We're all busy visiting each other's classrooms at my university, as part of the peer review process. Both of my classes have been visited, and I have visited two other professors' classes. I've been thinking a little about the peer review process.
The first class that I visited was the Discrete Math class of one of my younger colleagues. I've visited his class before, and I expected this one to be good. I wasn't disappointed. It started out fine. I'm making little notes to myself about what I observed, and mentally sorting them for relevance. My philosophy of peer observation is that I don't want to comment on anything that is (a) a reasonable choice, even if not the one that I would have made, (b) peculiar to the particular lesson that I happened to see, or (c) out of the instructor's control. In other words, I'm trying to limit myself to reasonably constructive criticism.
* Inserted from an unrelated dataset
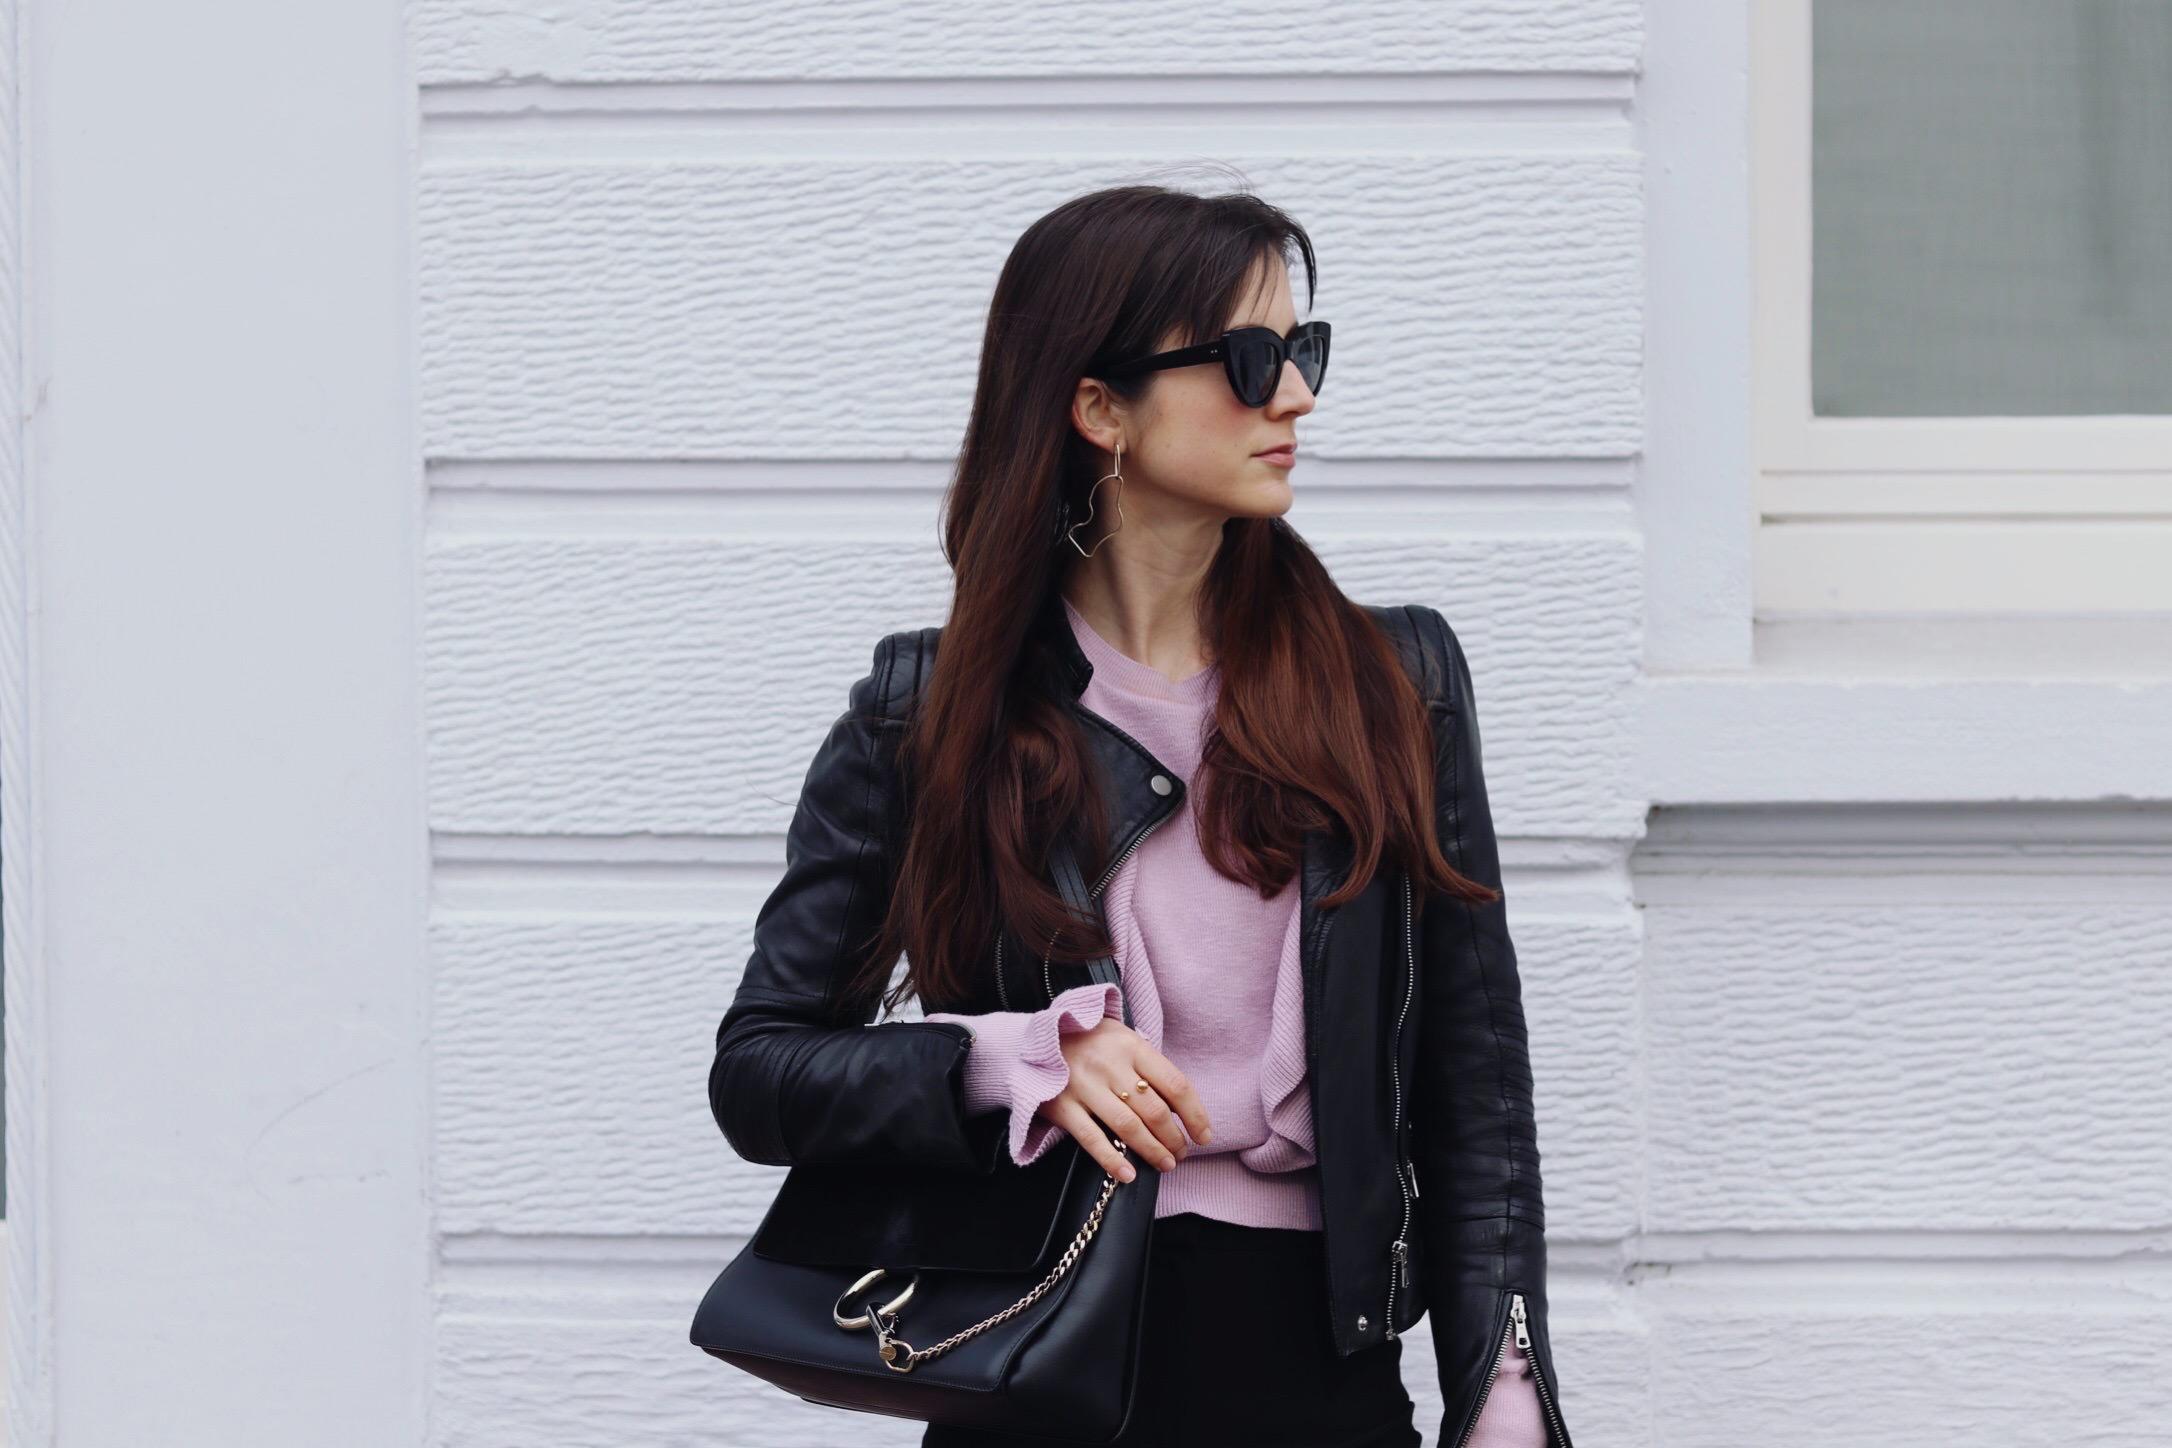 Lila Pullover mit Volants und Rueschen. Das sind neben Violett und Flieder die Trendfarben 2017. Dazu trage ich eine schwarze Lederjacke und eine Chloe Tasche

Anyway, after about half the class, he started in on a complicated proof of an important theorem. I knew this was going to be tough, and I was simply amazed at how well he pulled it off. He walked the students carefully through it, explained his thinking as he went along, got them to contribute key ideas, dealt with the inevitable side tracks, and just generally did it so much better than I have ever done it that I was amazed. I knew he was good, but this visit convinced me that he is fantastic.
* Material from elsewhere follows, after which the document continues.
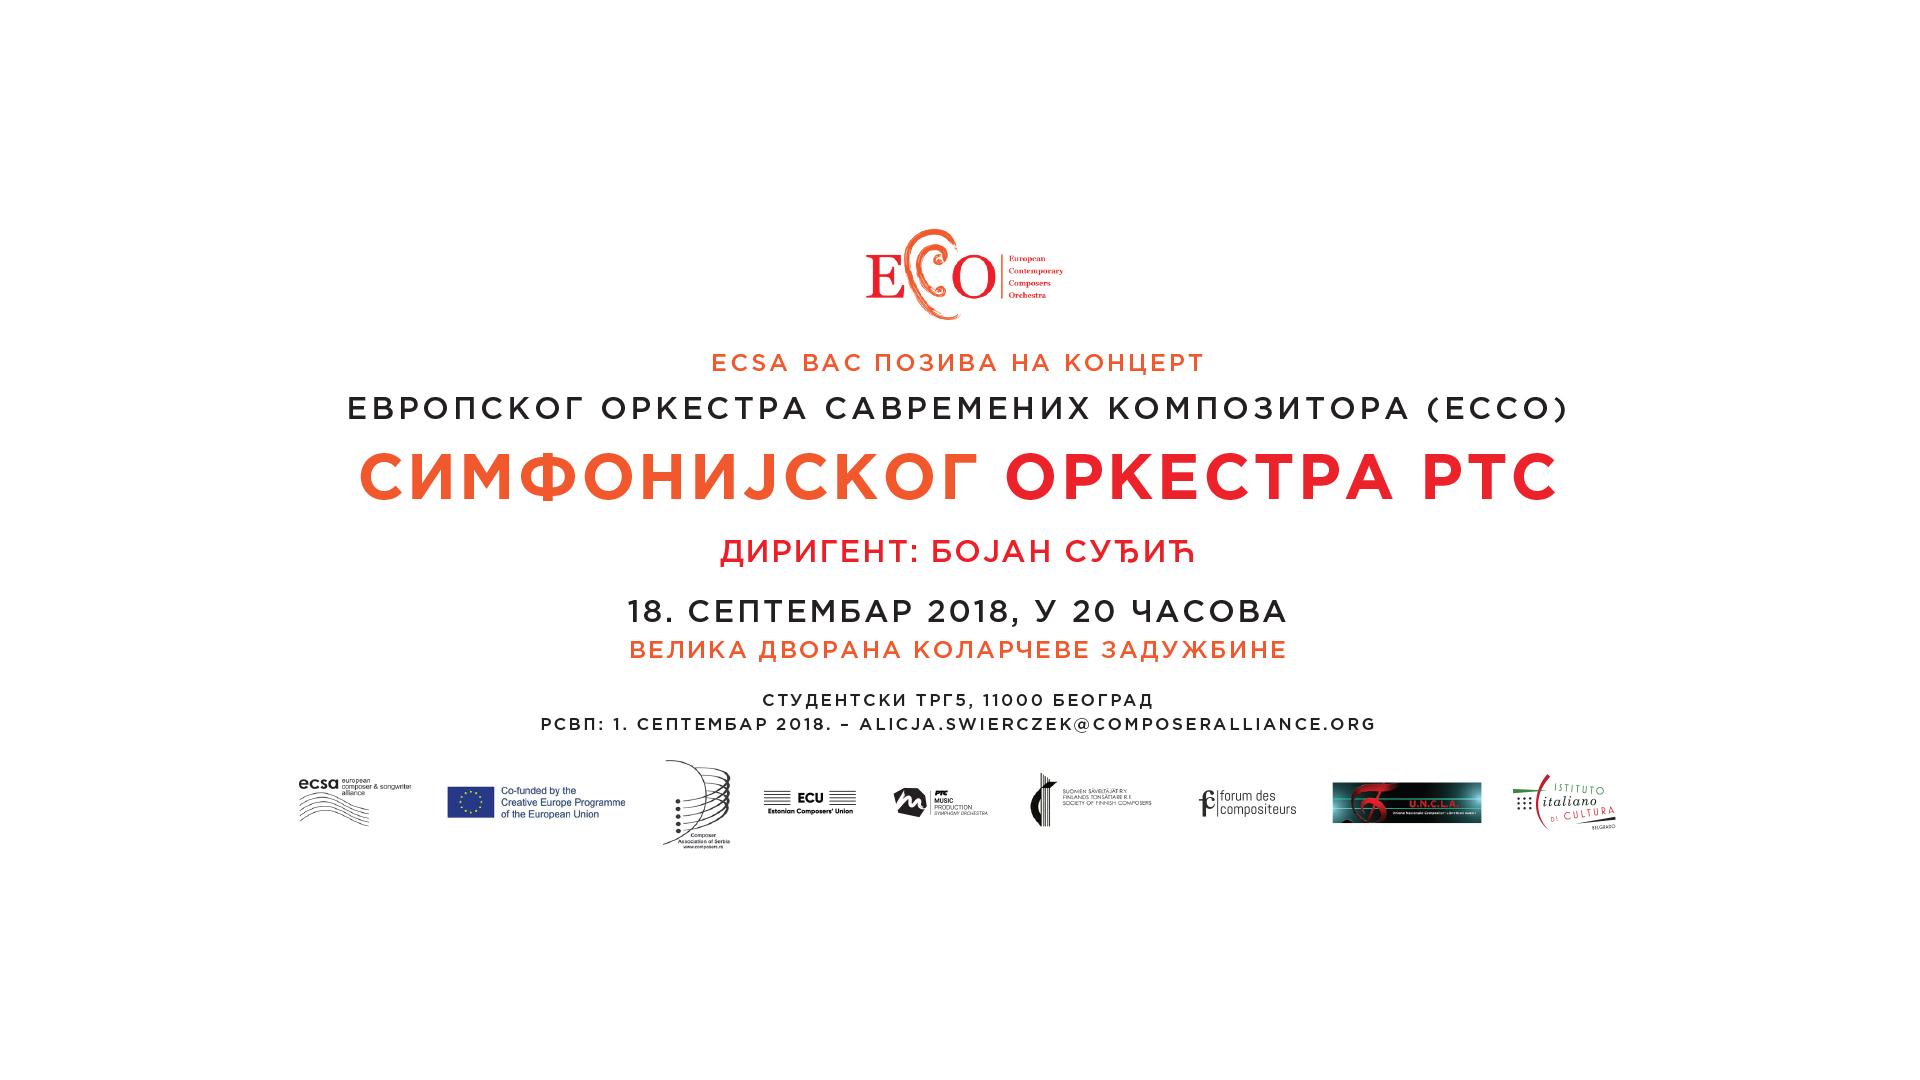 """Simfonijski orkestar RTS - ovogodišnji """"Evropski orkestar savremenih kompozitora (ECCO)"""""""

The second visit didn't go quite so well. The professor I was observing is about the same level as I am. In fact, she's got one year seniority. Our relationship has always been tepid at best. And I knew from prior experience working with her that she isn't likely to take any advice from me at all. I'm not sure if she never takes advice from anyone, but she certainly doesn't from me. So I knew going into it that it was a waste of time. I wasn't going to see anything so terribly bad that it would be worth writing up to put in her file, and I wasn't going to come up with any helpful suggestions that she would actually take. The class itself was fine. I did come up with a couple of suggestions that I might have passed on to a different colleague, but with this person, I'm not going to bother.
I didn't think that the two days when I was observed went very well. They weren't total disasters, but I just felt kind of off. Only one of the observers has given me feedback, and it was more positive than I felt. I was flattered, but I didn't really feel like it was an accurate reflection of what I'd done.
So, what is the purpose of peer review? Can you learn much about a fellow instructor from sitting in on one class? You could certainly tell if they were terrible, but we don't have any terrible instructors in our department (at least, not as far as I know.) Can we really tell the good from the great? I don't know. I suppose it's better than never having anyone observed in action, but I don't know if we are really generating a clear picture of anyone's strengths and weaknesses from one visit a semester.